Schema Evolution Support

Handling schema evolution and compatibility between different schema versions.

// Schema evolution example
val v1Schema = """{
  "type": "record",
  "name": "User",
  "fields": [
    {"name": "id", "type": "long"},
    {"name": "name", "type": "string"}
  ]
}"""

val v2Schema = """{
  "type": "record", 
  "name": "User",
  "fields": [
    {"name": "id", "type": "long"},
    {"name": "name", "type": "string"},
    {"name": "email", "type": ["null", "string"], "default": null}
  ]
}"""

// Reading evolved data with original schema
val df = spark.read
  .format("avro")
  .option("avroSchema", v1Schema)  // Use older schema
  .load("path/to/v2_data.avro")    // Reading newer data

Error Handling

Schema conversion error handling and common issues.
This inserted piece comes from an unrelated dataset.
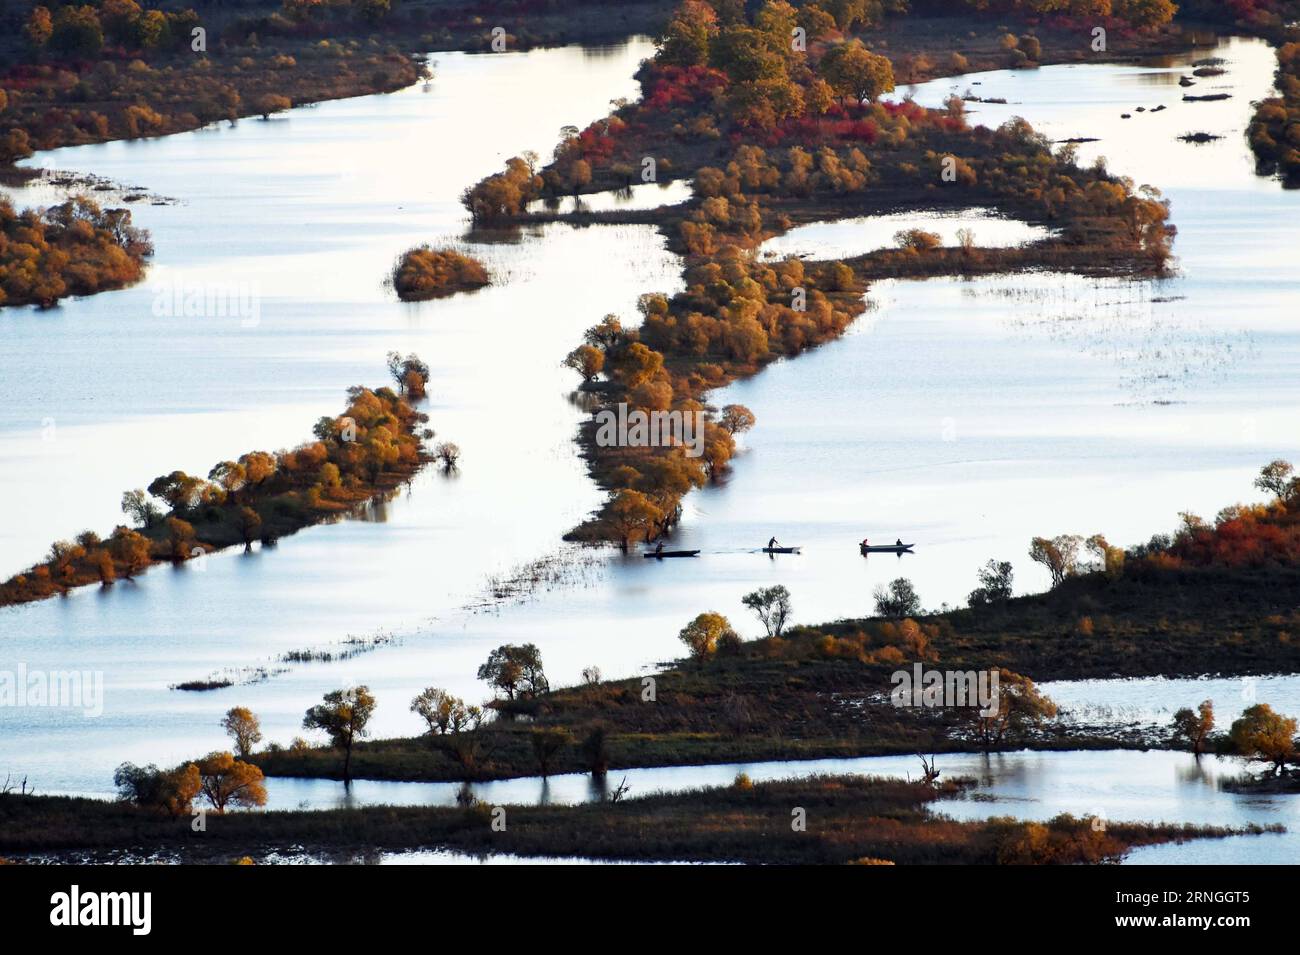 (160929) -- HULIN, 28 settembre 2016 -- foto scattata il 28 settembre 2016 mostra lo scenario della zona umida dell'isola di Zhenbao a Hulin, nella provincia di Heilongjiang nella Cina nordorientale. La zona umida di 29 275 ettari è stata designata come zona umida di importanza internazionale dalla Convenzione di Ramsar nel 2011 per la sua importanza vitale come zona umida unica per la diversità biologica. (Ry) CHINA-HEILONGJIANG-ZHENBAO ISLAND-LANDSCAPE (CN) WangxJianwei PUBLICATIONxNOTxINxCHN Hulin settembre 28 2016 la foto scattata IL 28 2016 settembre mostra il paesaggio della zona umida islandese di Zhenbao a Hulin provincia di Heilongjiang nel nord-est della Cina 2 Foto Stock

class IncompatibleSchemaException(msg: String, ex: Throwable = null) extends Exception(msg, ex)

Common Error Scenarios:

// Unsupported type conversion
try {
  val unsupportedType = MapType(IntegerType, StringType) // Avro MAP requires string keys
  SchemaConverters.toAvroType(unsupportedType)
} catch {
  case e: IncompatibleSchemaException =>
    println(s"Conversion failed: ${e.getMessage}")
}

// Recursive schema detection
val recursiveSchema = """{
  "type": "record",
  "name": "Node", 
  "fields": [
    {"name": "value", "type": "string"},
    {"name": "child", "type": "Node"} 
  ]
}"""

try {
  SchemaConverters.toSqlType(new Schema.Parser().parse(recursiveSchema))
} catch {
  case e: IncompatibleSchemaException =>
    println("Recursive schemas not supported")
}